Glossary

apoenzyme An enzyme without its obligate cofactor, which is therefore inactive.

carrier-mediated release Nonsynaptic release (usually of a neurotransmitter) by a plasma membrane transporter.

GABA g-Aminobutyric acid; the major inhibitory neurotransmitter of the central nervous system; also found in extraneuronal tissues (e.g., the pancreas and reproductive tracts).

GABA receptor A protein that binds GABA and initiates downstream effects.

GABA-T GABA-transaminase; enzyme that degrades GABA.

GABA transporter A protein that moves GABA across either the plasma membrane or the vesicular membrane.

GAD Glutamic acid decarboxylase; enzyme that converts glutamate to GABA.

holoenzyme An enzyme bound to its obligate cofactor, which is therefore active.

inhibitory neurotransmitter A neurotransmitter that, when it activates its postsynaptic receptor, decreases the probability that the postsynaptic cell will fire.

phasic inhibition Short-term (milliseconds) decrease in excitability of a cell, usually synaptically mediated.

pyridoxal phosphate Vitamin B6; a cofactor required for GAD activity.

receptor agonist A substance that binds to a receptor and mimics or enhances the receptor response.

receptor antagonist A substance that binds to a receptor and blocks or decreases the receptor response.

tonic inhibition Long-lasting decrease in the overall excitability of a cell or cells, usually extrasynaptically mediated.

GABA (g-aminobutyric acid; 4-aminobutyric acid) is an inhibitory amino acid neurotransmitter.

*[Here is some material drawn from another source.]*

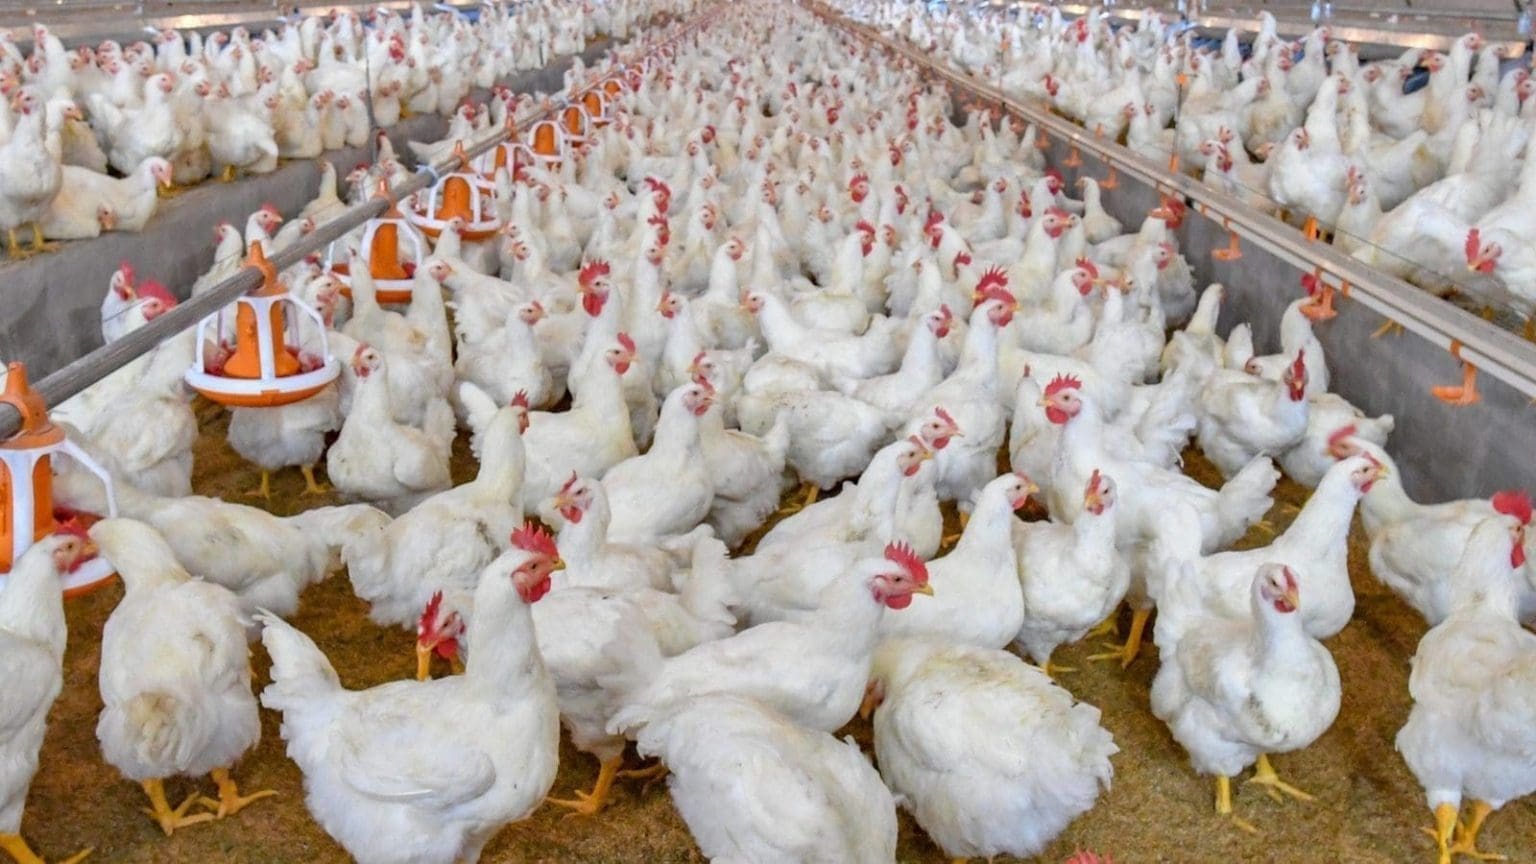 South African poultry industry faces loss as 7.5 million birds culled

Three separate groups published the first reports of GABA in the brain in 1950, although its function as a neurotransmitter was not recognized until later. Eugene Roberts, the author of one of the first reports, identified GABA in the course of chromatographic studies on the amino acid profiles of murine neuroblastomas. GABA from potatoes was used as a standard and comigrated with an unknown substance isolated from the tumors. Roberts rigorously pursued his studies of GABA synthesis and degradation in the brain and GABA is now recognized as the most prominent inhibitory neurotransmitter in the central nervous system (CNS).